Retype each line of the material exactly, please, skipping any picture in it.

Collected data:
########

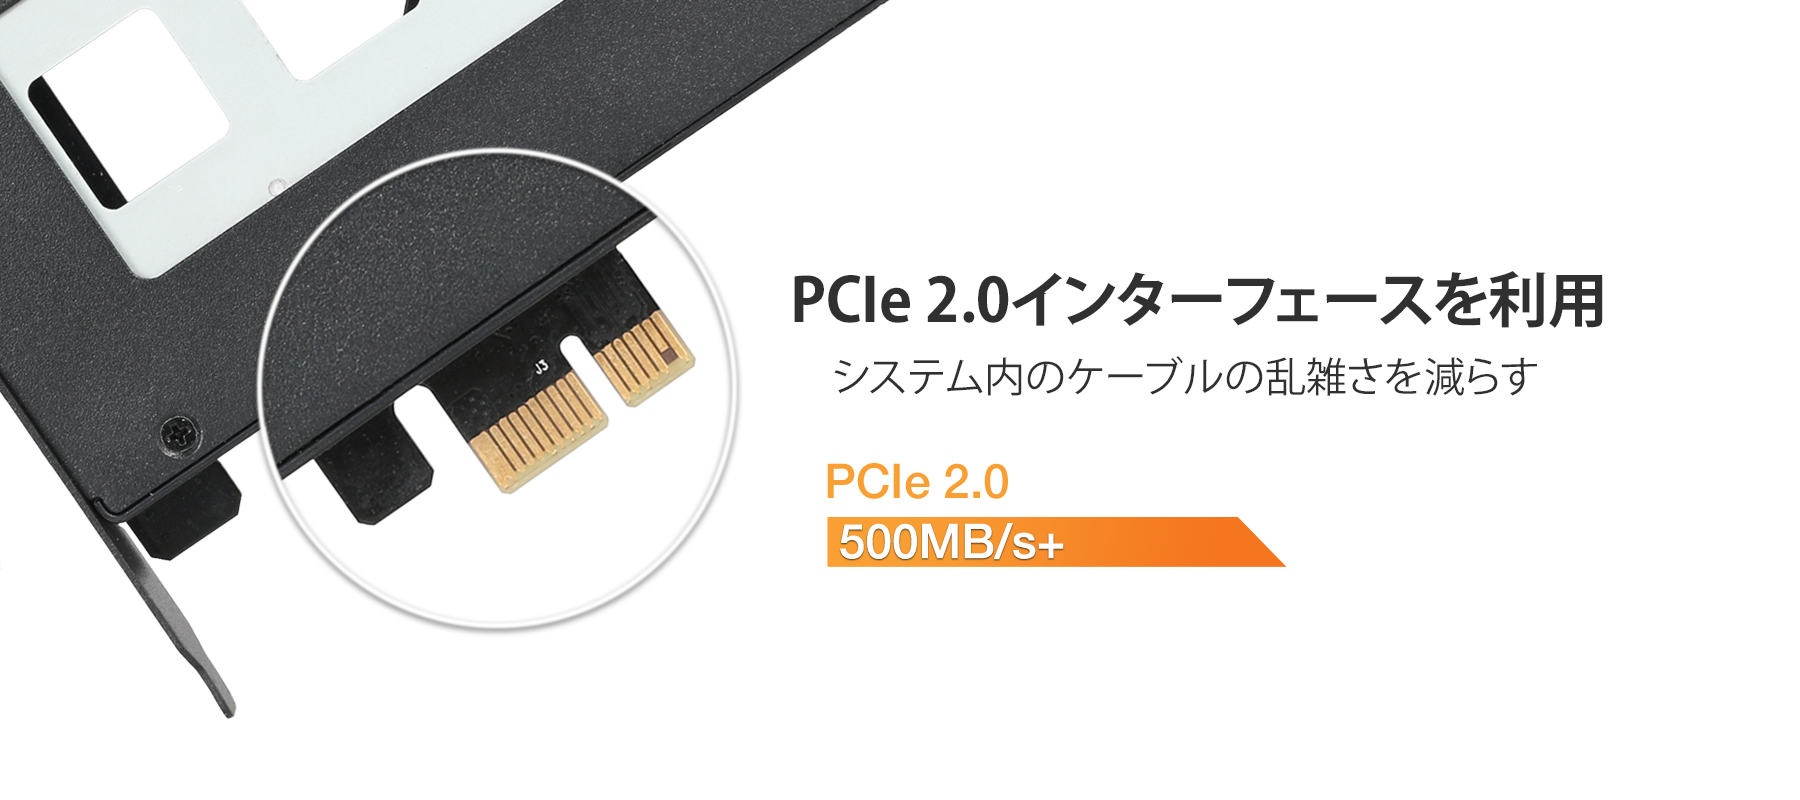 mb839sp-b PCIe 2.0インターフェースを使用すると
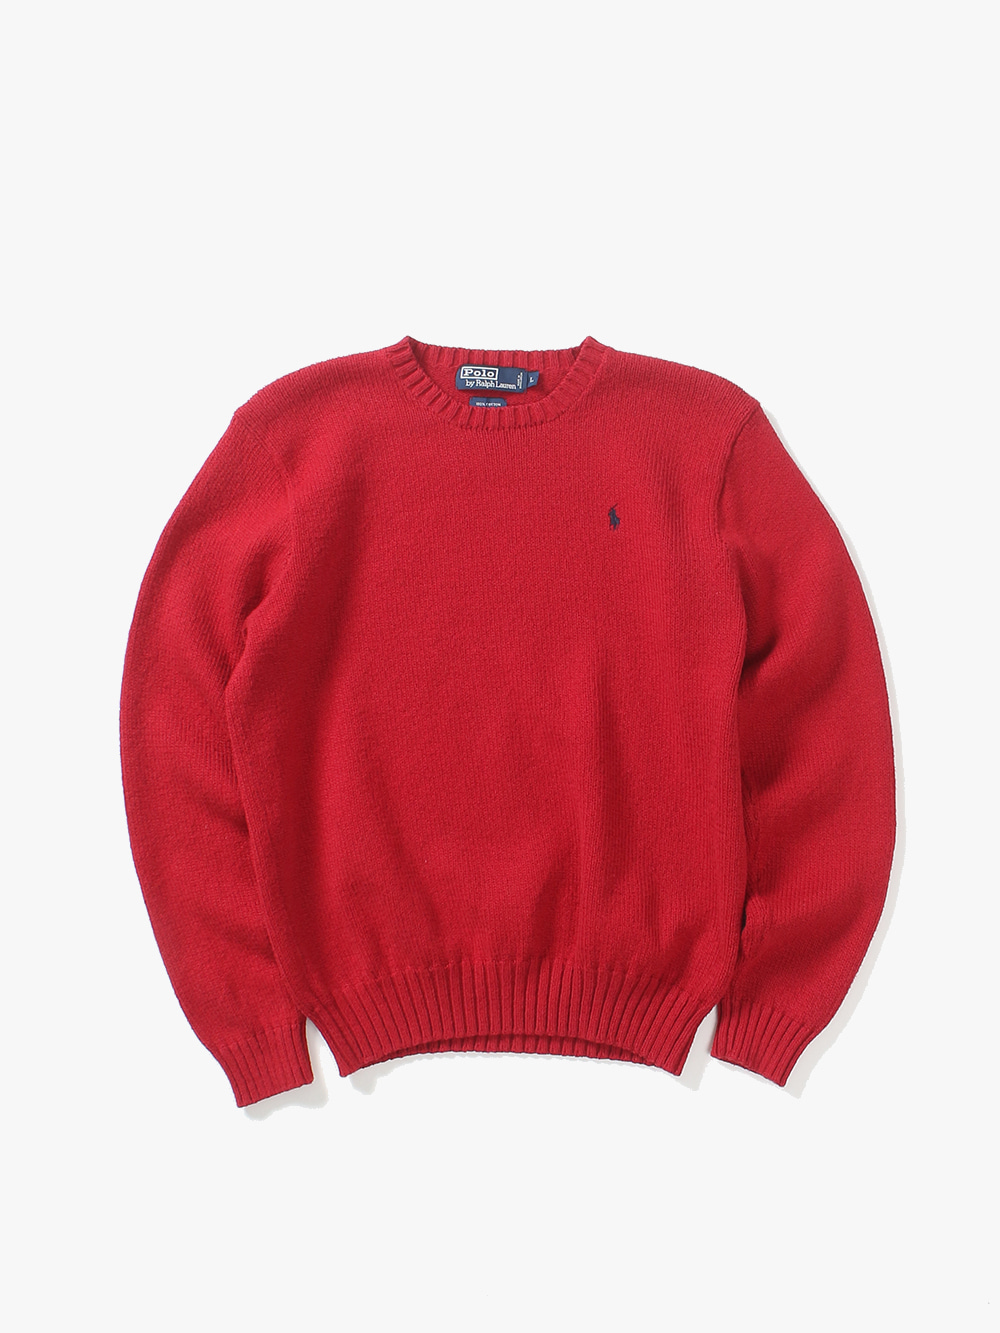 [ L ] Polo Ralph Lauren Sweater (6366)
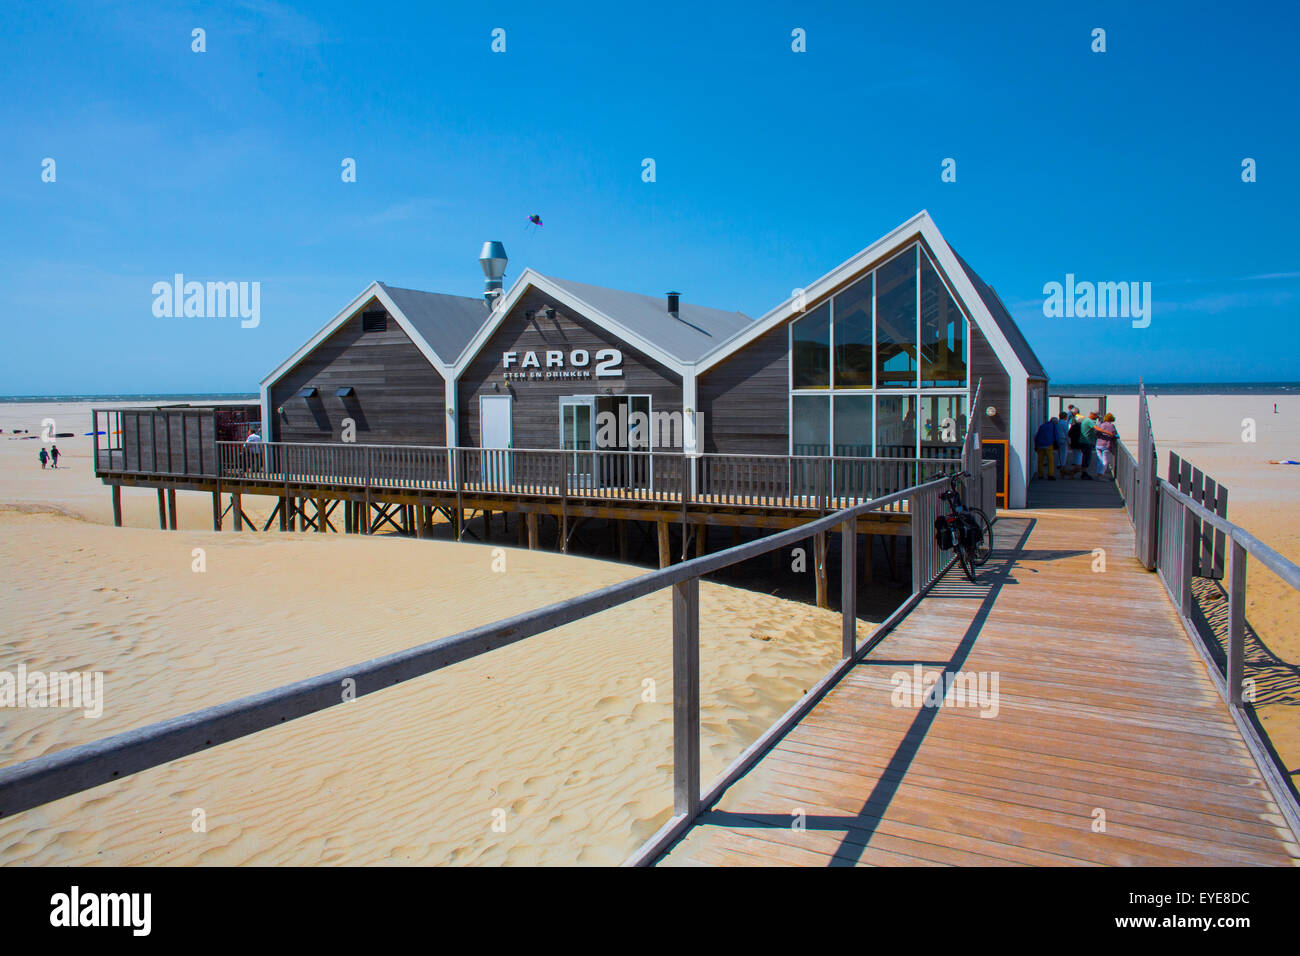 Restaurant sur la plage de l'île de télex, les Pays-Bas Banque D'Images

########

Exercise answer:
 mb839sp-b PCIe 2.0インターフェースを使用すると
 [ L ] Polo Ralph Lauren Sweater (6366)
 Restaurant sur la plage de l'île de télex, les Pays-Bas Banque D'Images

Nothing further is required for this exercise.